Mr. Kelly also spoke of the importance of providing insurers with a degree of certainty regarding how their terrorism coverage will operate--a factor he said should be considered as Congress debates its options.
When asked about the possibility of establishing a commission of stakeholders in the terrorism insurance issue, he replied that the potential of such a commission needing another temporary extension could become a problem. "This idea that every two or three years we're in limbo is not a desirable thing," he said. "If a commission delays a permanent solution, that is not desirable."
Many proposals have been offered to deal with the issue on a permanent basis, including mechanisms based on the current TRIA program with a federal backstop, or the creation of a mutual insurer similar to the "Pool Re" established in the United Kingdom, which would provide terrorism coverage for insurers and purchase its reinsurance directly from the government.
Aon Corp. President and CEO Gregory Case offered a proposal that he said could provide coverage equal to two events on a scale of the World Trade Center attacks, which he said cost the insurance industry roughly $40 billion.
Under the Aon proposal, a pool would be established and funded by insurers, who would contribute a total of $2 billion annually for 20 years.

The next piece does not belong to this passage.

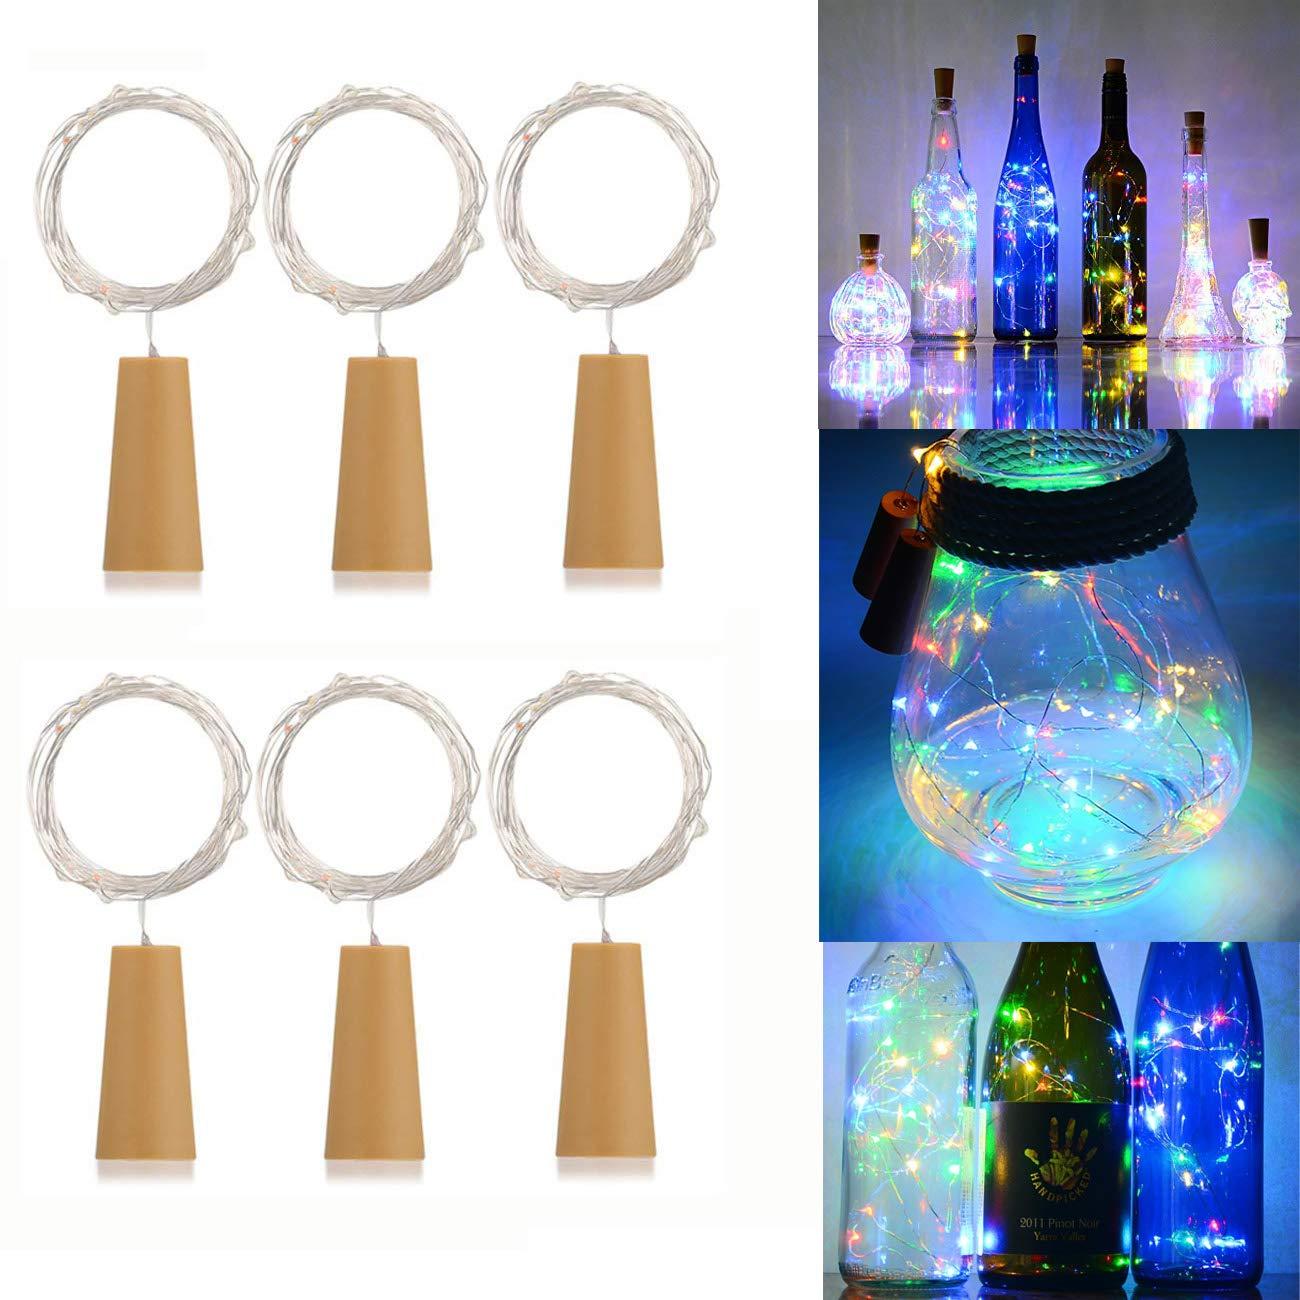 Catena luminosa con 20luci a LED, batterie scomparto in sughero forma, filo di rame, per la decorazione di bottiglie, per Natale, matrimonio, festa, luci colorate, 6pezzi ATP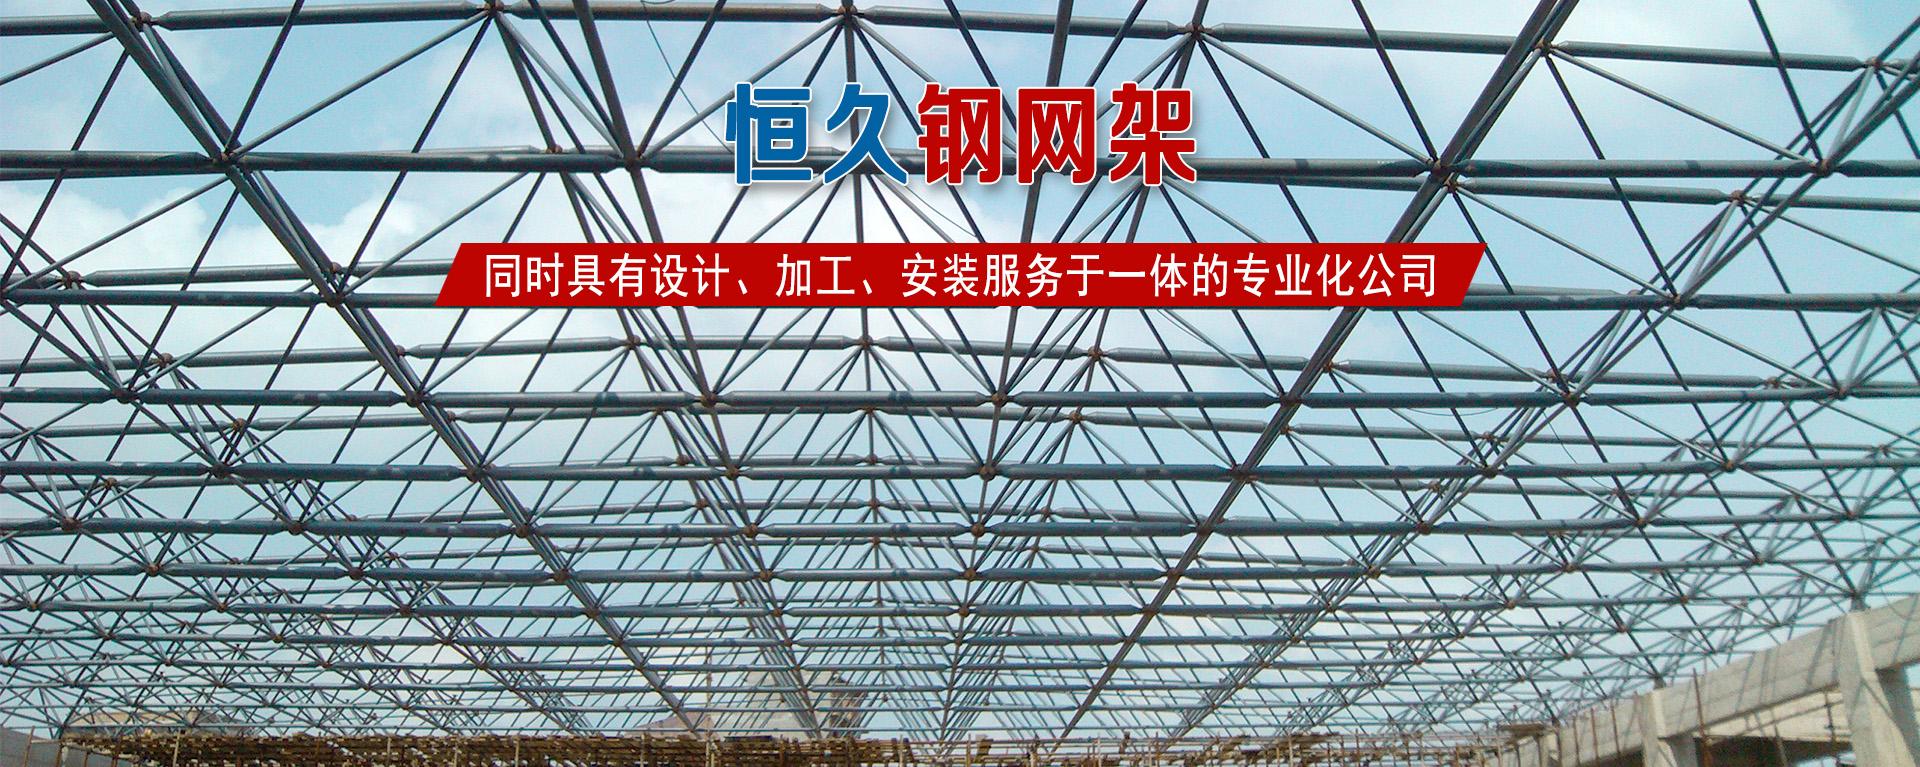 钢网架施工安装

If that pool were overrun by damages from an attack--or if an attack occurs prior to the pool reaching the full $40 billion--an additional $40 billion could be drawn from the sale of bonds, which would be repaid over a four-year timeframe that would cause an increase to policyholders of only 1.4 percent over the life of the bonds.
The federal government would then provide up to $100 billion in excess coverage for losses beyond that.
"The insurance industry is renowned for its ability to come up with new ways to solve problems old and new, and providing this type of flexibility should maximize the extent of that entrepreneurship that is so desperately needed here," Mr. Case said.
Another potential solution, mentioned by Capital Markets Subcommittee Chairman Richard Baker, R-La., would be to allow insurers to build up catastrophe reserves on a tax-preferred basis, enabling companies to increase their ability to absorb a major loss more swiftly.
This is a proposal that Rep. Mike Oxley, R-Ohio, who chairs the parent Financial Services Committee, said might have greatly improved insurers' current ability to absorb such losses had it been enacted with the original TRIA program in 2002.
Rep. Baker noted, however, that such a proposal would operate on a gradual basis, and that the industry would be closely watched to ensure the tax-preferred reserving wasn't being abused.
"I want to make you reasonably uncomfortable," he told the witnesses. "We don't want to be funding the industry's profitability."
Mr. Kelly responded that such discomfort would not be a bad thing, and would be "the only way to ensure the private market works towards a solution" to ease the potential burden on taxpayers.
Throughout the hearing, however, Mr. Kelly and other witnesses also noted that building up reserves would be a solution in the future, and would still require a role for the federal government until reserves were adequate.
Jacques DuBois, president and CEO of Swiss Re America, raised another potential problem with the reserving solution--specifically that there is no way to know when insurers will have adequate reserves for terrorism coverage.
"How do you determine how much reserves you should put aside for something, when the frequency and severity can't be measured?" he asked.